Tinnitus is a debilitating condition wherein an individual often hears a ringing or clicking sound even though there are no external sources of the sound present. It currently affects an estimated 45 million people, mostly veteran soldiers, living in the United States, according to the American Tinnitus Association (ATA), and a proven cure for the condition is yet to be developed.
This is what inspired a team of researchers from the Oregon Health & Science University (OHSU) and the Veterans Affairs (VA) Portland Medical Center, who were able to discover a potential cure for tinnitus in the form of transcranial magnetic stimulation (TMS).
In a study featured in the journal JAMA Otolaryngology - Head & Neck Surgery, OHSU researcher Dr. Robert L. Folmer and his colleagues studied the effects of a system for transcranial magnetic stimulation on patients suffering from tinnitus.
The system produces a magnetic field shaped like a cone that can penetrate the scalp and skull of an individual in order to interact with tissues in the brain. By increasing the intensity of the simulation, the deeper the TMS system's magnetic field penetrates the head of the patient and affects the activity of neurons.
As of the moment, the U.S. Food and Drug Administration (USFDA) has only approved the use of the TMS system for treating depression.
The researchers conducted clinical tests on 64 people diagnosed with tinnitus to find out the effects of the TMS system on their condition. To participate in the study, patients had to have symptoms of tinnitus a minimum of one full year.

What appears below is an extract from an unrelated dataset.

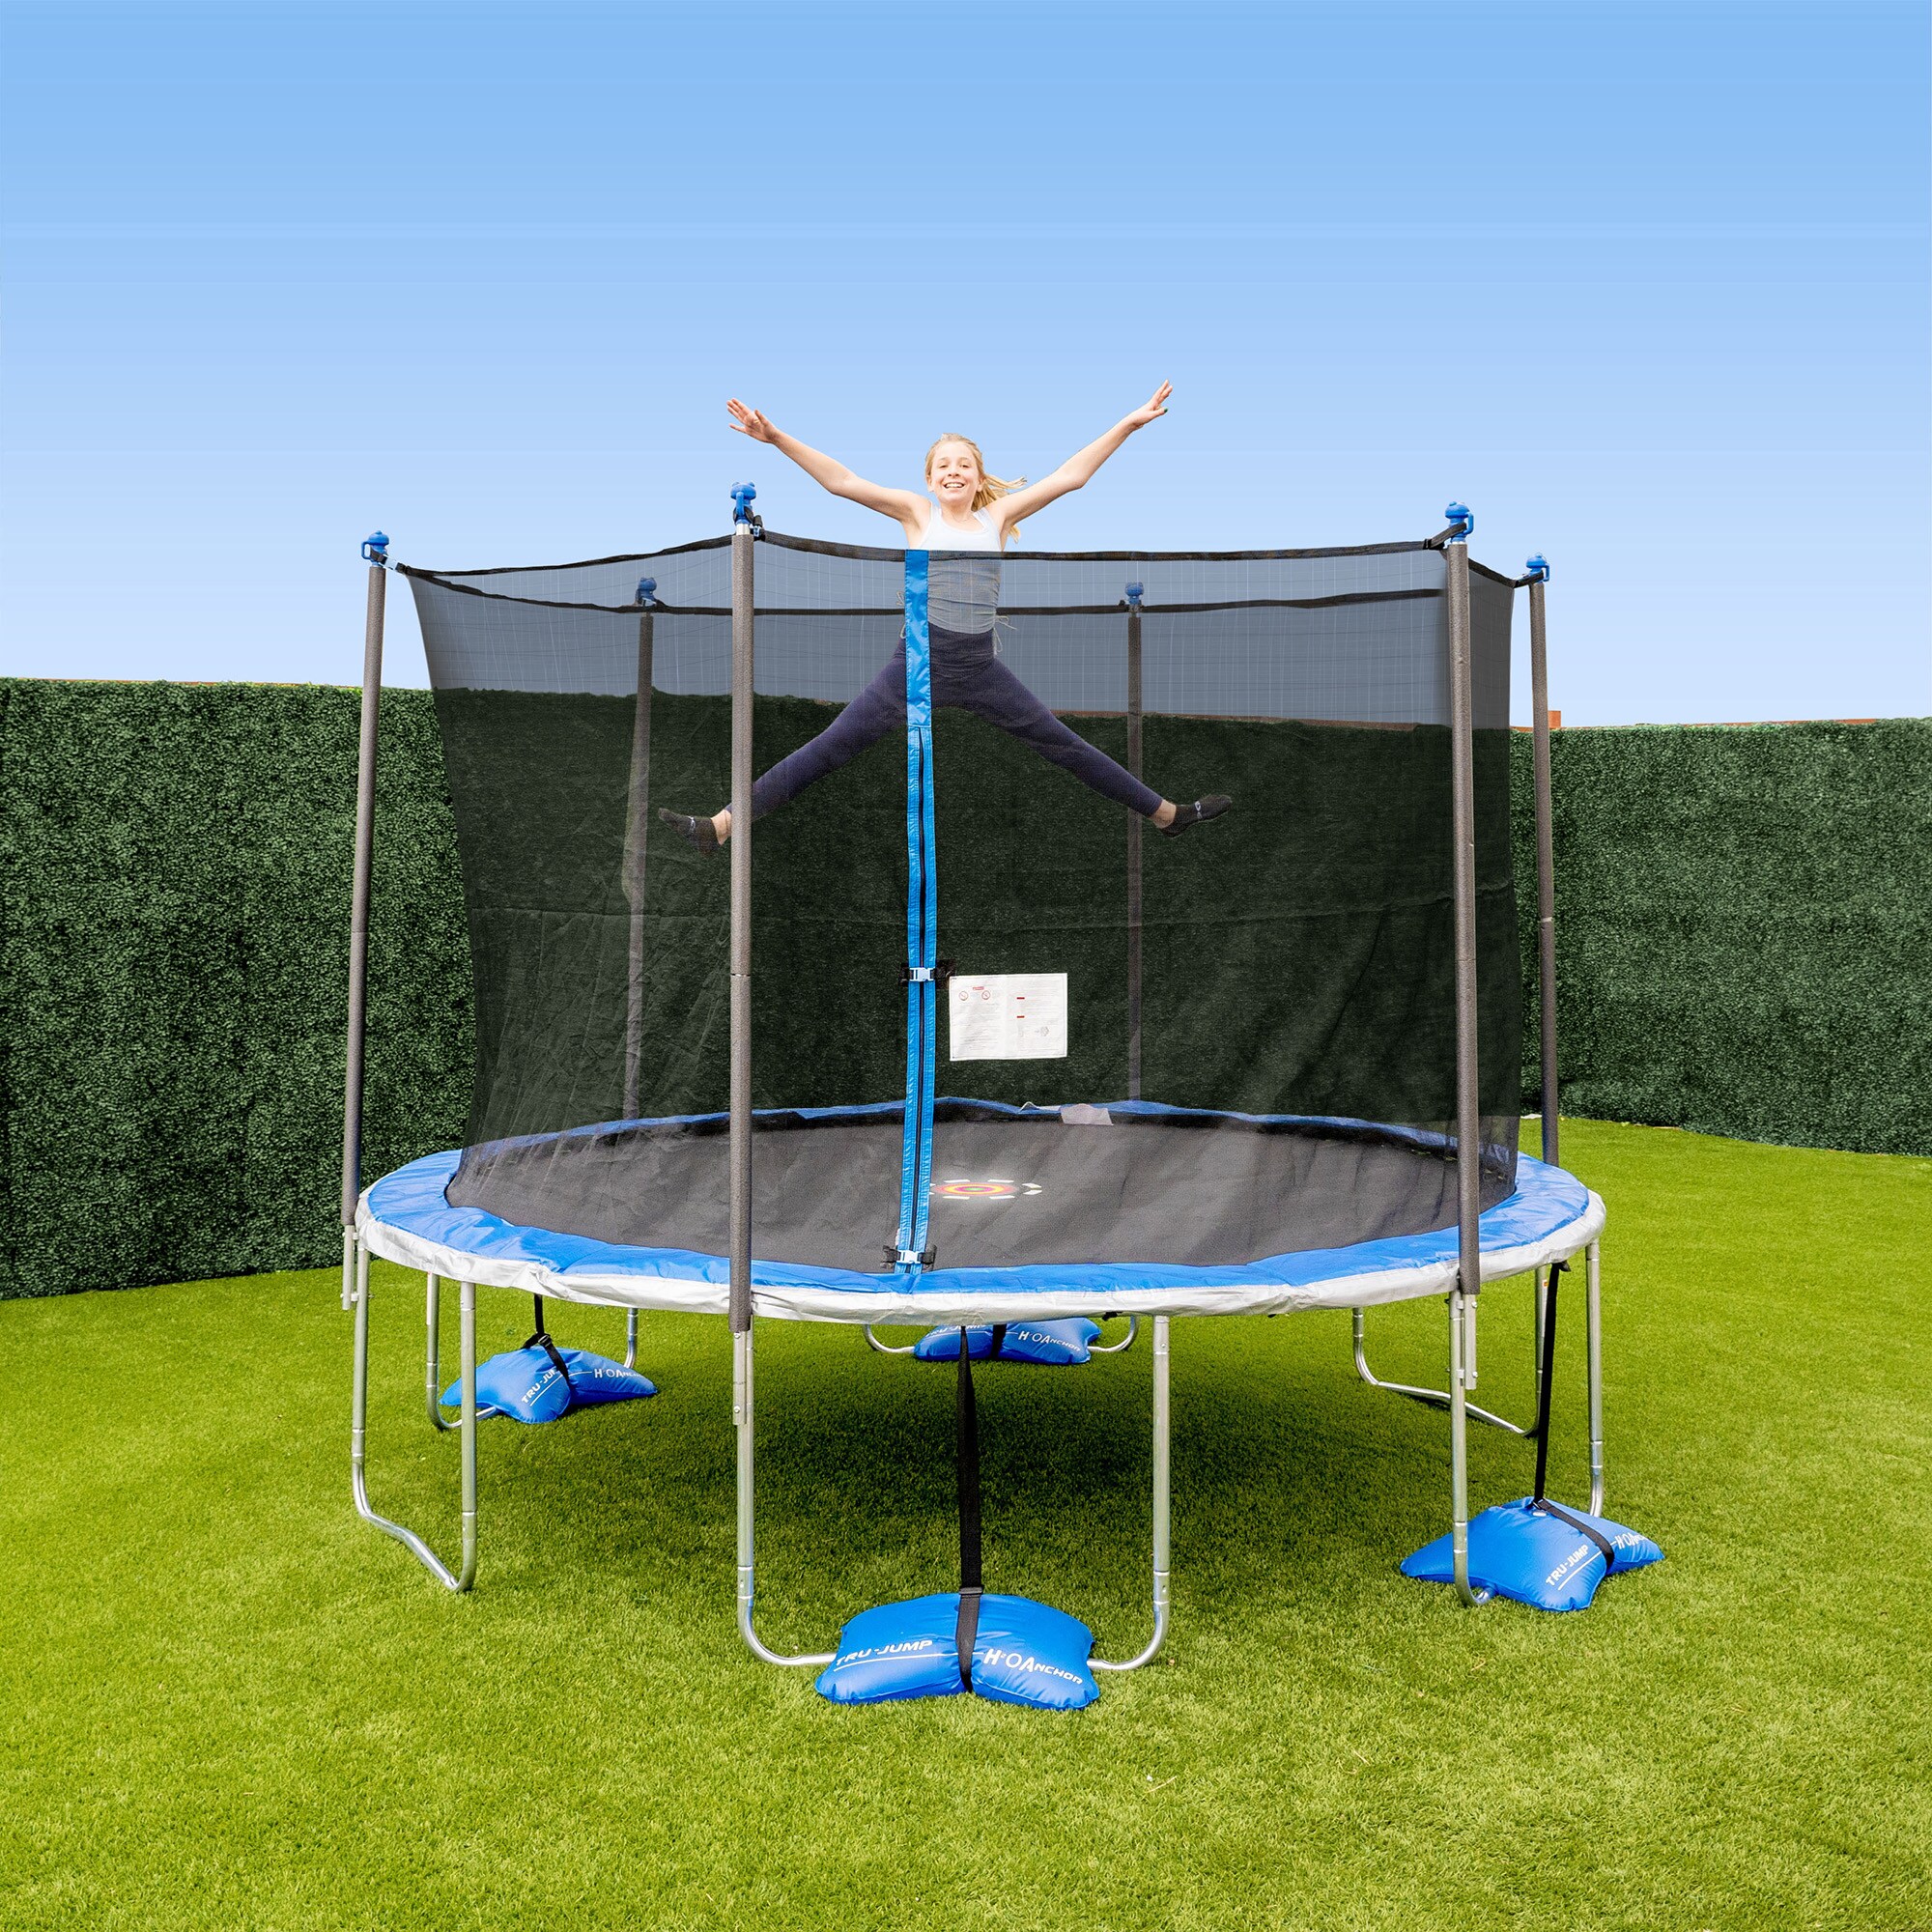 gispende kuvert Intrusion TruJump Trujump 12ft Trampoline (U-leg) and 6-pole Enclosure Combo with  Spin N Light and Water Anchor at Lowes.com
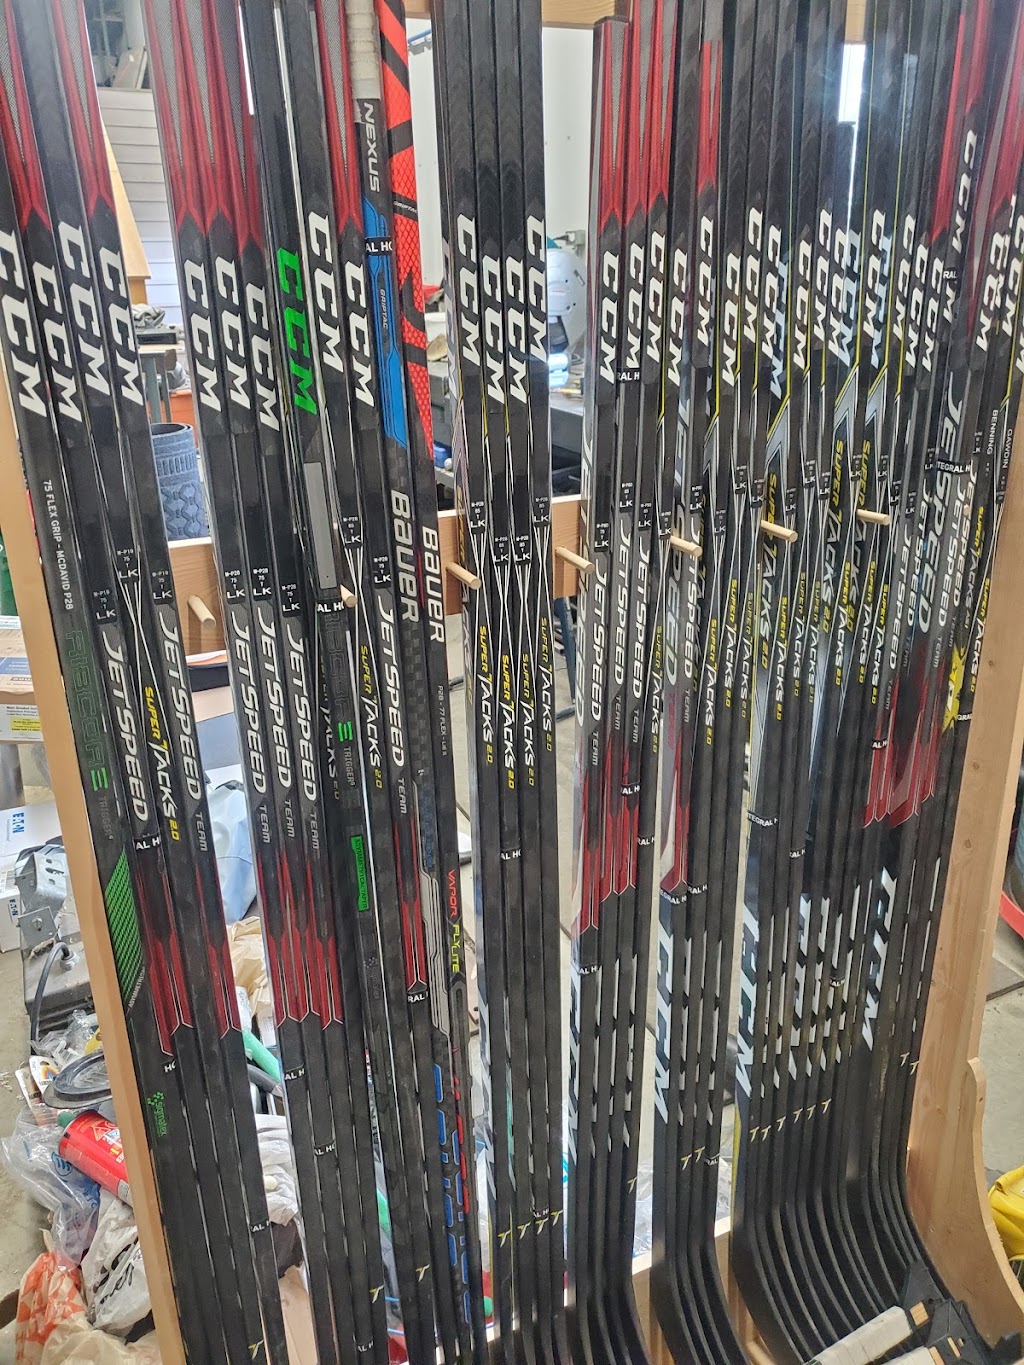 Integral Hockey stick repair south central AB | store | Box 280, 28462, AB-587, Bowden, AB T0M 0K0, Canada | 4033506346 OR +1 403-350-6346

The participants were given one TMS pulse each second, designed to target the brain's auditory cortex. The TMS sessions ran for 10 straight workdays, in which all of the participants received 2,000 TMS pulses in each session.
Out of the 32 individuals who were given an active TMS treatment, 18 of them discovered that their tinnitus symptoms were considerably lessened for six months.
The findings also showed that many of the tinnitus patients who have had the condition for over 20 years experienced a significant reduction of symptoms.
"For some study participants, this was the first time in years that they experienced any relief in symptoms," Folmer said.
"These promising results bring us closer to developing a long-sought treatment for this condition that affects an enormous number of Americans, including many men and women who have served in our armed forces."
Folmer and his colleagues believe that a larger clinical trial could help refine the protocols needed to use TMS for clinical applications.